Enabling API Upgrades
Upgrading packages with
API changes can be prohibitively expensive. Existing techniques require manual, expert effort and have limited applicability. Software ecosystems present complex social challenges that tools must deal with, including scale, mismatched priorities, heterogeneous levels and areas of expertise, and limits on communication and collaboration.
We have two ongoing projects to extend program transformation tooling. 1. Ensuring type preservation when applying source-to-source rewrite rules, to increase reliability for all potential users. 2. Semantic-based synthesis of rewrite rules, to extend existing approaches to be easily used by everyone.
Minimizing Machine Learning in Video Data Analytics with Geo-spatial Metadata
Video data exploration tasks involve querying over objects and their movements in the videos.
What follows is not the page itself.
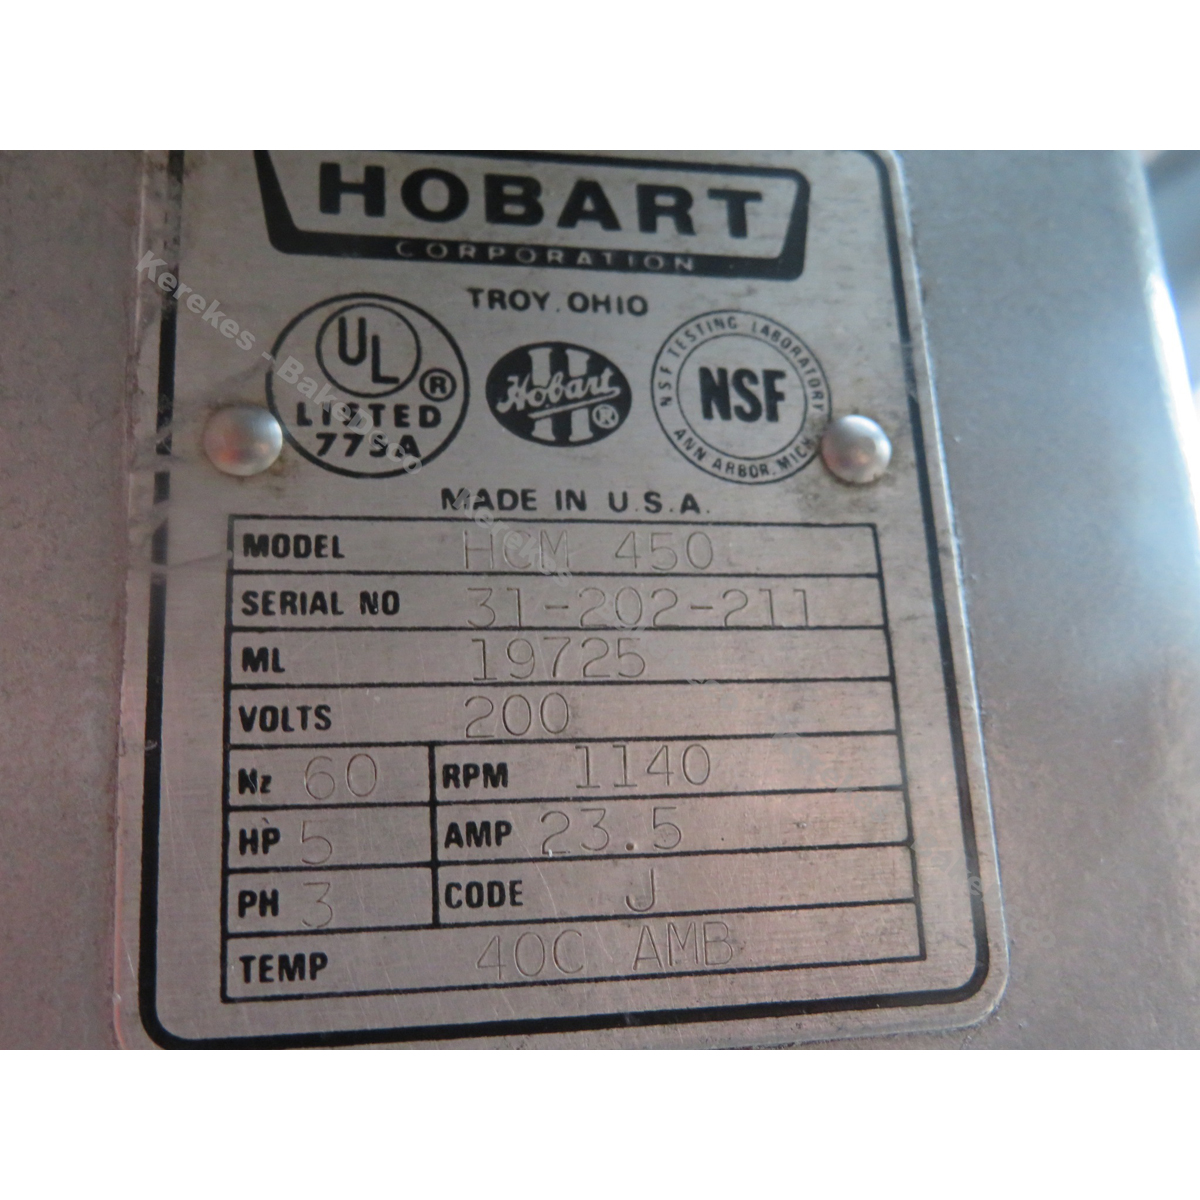 Hobart HCM-450 45 Quart Vertical Cutter Mixer, Used Excellent Condition image 5

Many video data exploration tools use machine-learning-based algorithms to detect and tracks objects. However, these algorithms are slow, which can interrupt the flow of the data scientists/journalists train of thoughts when exploring the video data. In prior works, MIRIS tracks objects in the videos at lower frame rates. If the system finds a tracking in any of the sections of the videos, it tracks objects in the videos at a higher frame rates until it can track the object at a certain confidence. With this approach, the system does not have to run the object-tracking algorithms on all of the video frames.
In autonomous driving video data or surveillance camera video, we usually know the location of the camera and the information of the environment around the camera. In this project, we use the geo-spatial metadata to help the systems filter out the irrelevant frames based on users’ queries before feeding them into object-tracking algorithms.
A Conversational Interface for Automatic Visualization
Generating visualizations is a key step in exploratory data analysis but can be time-consuming and complicated in no-code environments. Visualizations are also not static; as more information is discovered through exploratory data analysis, new visualizations need to be built to answer new questions. We introduce a conversational natural language interface for creating visualizations from data. Our approach is the first to use large language modeling for generating visualizations in a conversational setting.
Iterative Design of Semantic Grouping Guidelines and Metrics for Mobile User Interfaces
While prior research on widget grouping in mobile user interface (UI) design has focused on visual grouping, little work has been devoted to the semantic coherence of such groupings, which affects user understanding of the interface. We propose five design guidelines that are generally applicable for semantic element grouping in mobile UIs. We generated the guidelines through an iterative process: they were first conceived through empirical observations of existing mobile UIs and a literature review, refined through multiple rounds of feedback from UI design experts, and finally evaluated with an expert review. The feedback from experts indicate a strong need for these guidelines, as the design and evaluation of semantic grouping is currently conducted based on intuition. In addition to being a useful resource for UI design, these guidelines could lead to computational methods to evaluate interfaces. We experimented with computational metrics built from these guidelines that show promising results.
A Cross-Domain Need-Finding Study with Users of Geospatial Data
Geospatial data—such as multispectral satellite imagery, geographically-enriched demographic data, and crowdsourced datasets like OpenStreetMap—is more available today than ever before. This data is playing an increasingly critical role in the work of Earth and climate scientists, social scientists, and data journalists exploring spatiotemporal change in our environment and societies. However, existing software and programming tools for geospatial analysis and visualization are challenging to learn and difficult to use. Many domain experts are unfamiliar with both the theory of geospatial data and the specialized Geographic Information System (GIS) software used to work with such data. While libraries for geospatial analysis and visualization are increasingly common in Python, R, and JavaScript, they still require proficiency with at least one of these programming languages in addition to geospatial data theory. In short, domain experts face steep challenges in gathering, transforming, analyzing, and visualizing geospatial data.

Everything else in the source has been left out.